Local public cloud tools provide little visibility at the application layer. Also, in some cases, in-depth knowledge of networking is required to interpret data accurately. Even with correct interpretation, it is even possible to know that 455 KB of data flows from a source IP address and port to a destination address. TCP 443 is of limited value when it is known that hundreds of applications can use TCP 443.
In some hybrid deployments where the public cloud is connected to the company via an IPsec VPN, using port-based controls to restrict access to only TCP 80 and TCP 443 seems sufficient; however, this is fundamentally flawed practice.

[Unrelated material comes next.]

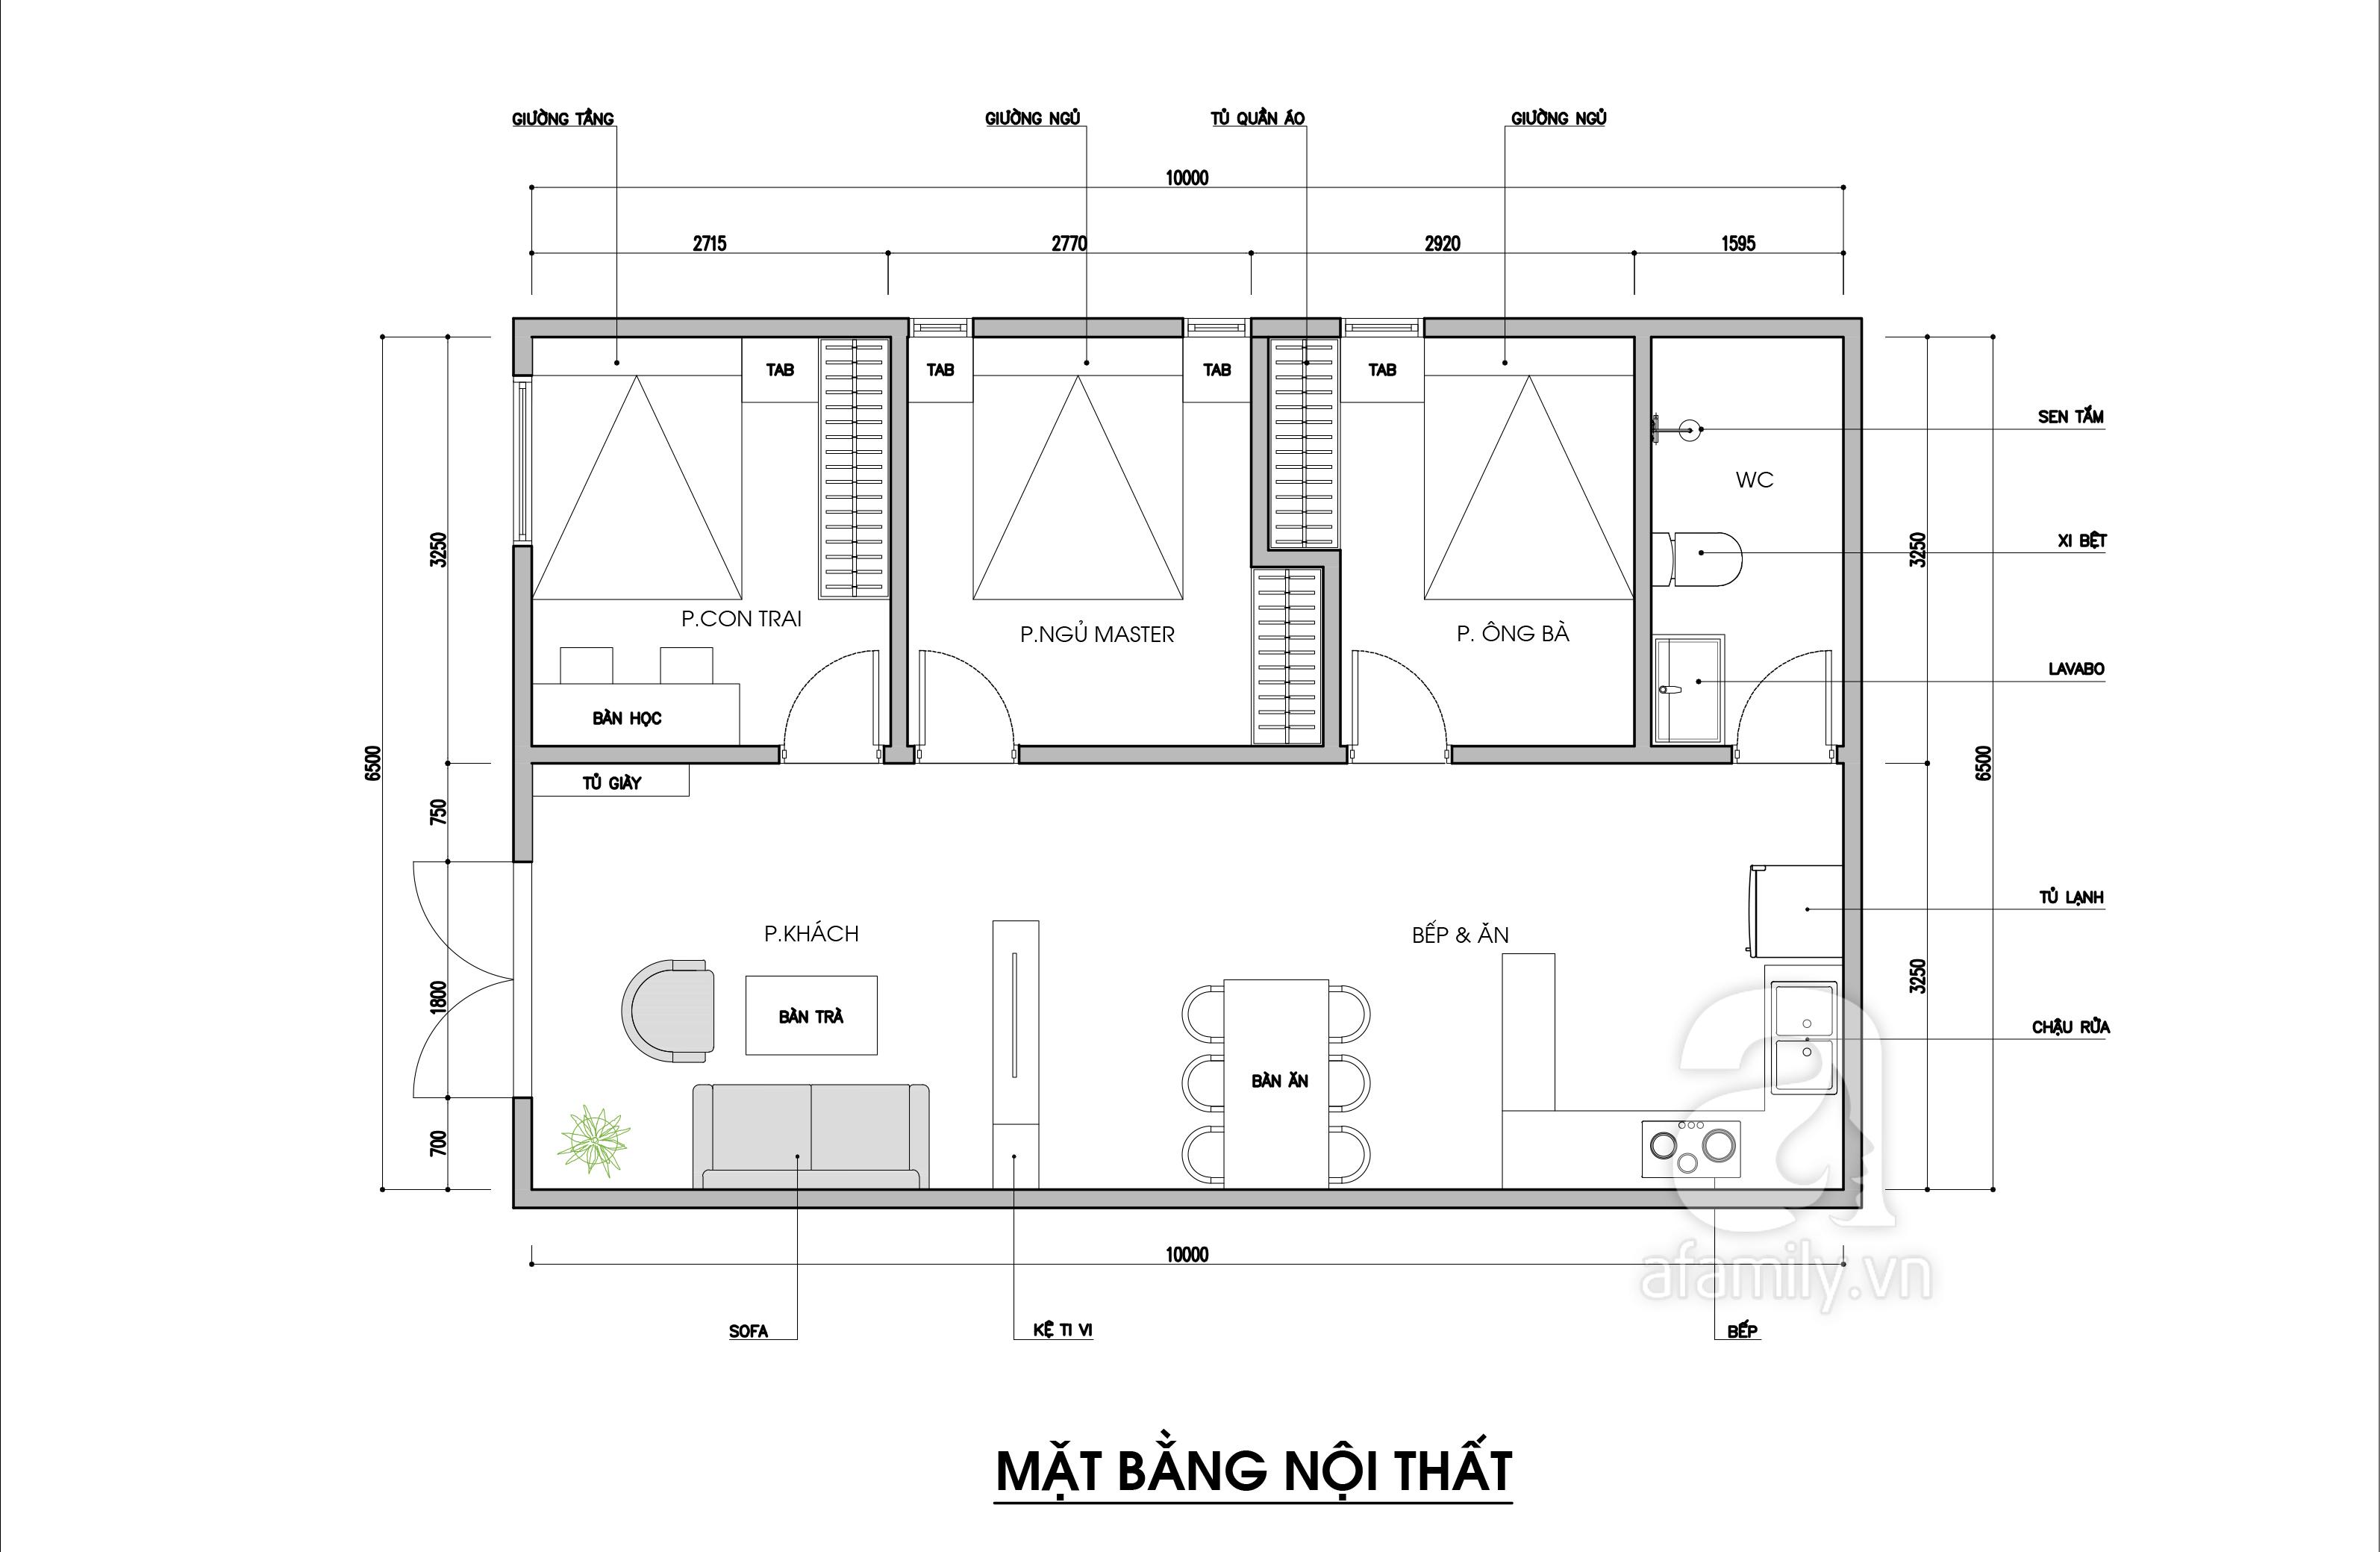 Tư vấn thiết kế nhà cấp 4 diện tích 65m² một tầng 3 phòng ngủ với chi phí 70 triệu đồng - Ảnh 2.

- At least 500 applications can use TCP 80 and TCP 443, many of which are remote access tools, and proxies.
- In most cases, applications in use require additional protocols and services such as DNS, NetBIOS, and possibly SSH, all of which require the corresponding ports to be open.
- Chef and Puppet, the most common development tools, requires a wide variety of open ports.
The truth is that port controls initially provide a level of control but do not provide contextual awareness of application traffic, content within, or the user. Understanding the entire traffic flow content, including the source/destination IP and country, can help you make more informed security policy decisions.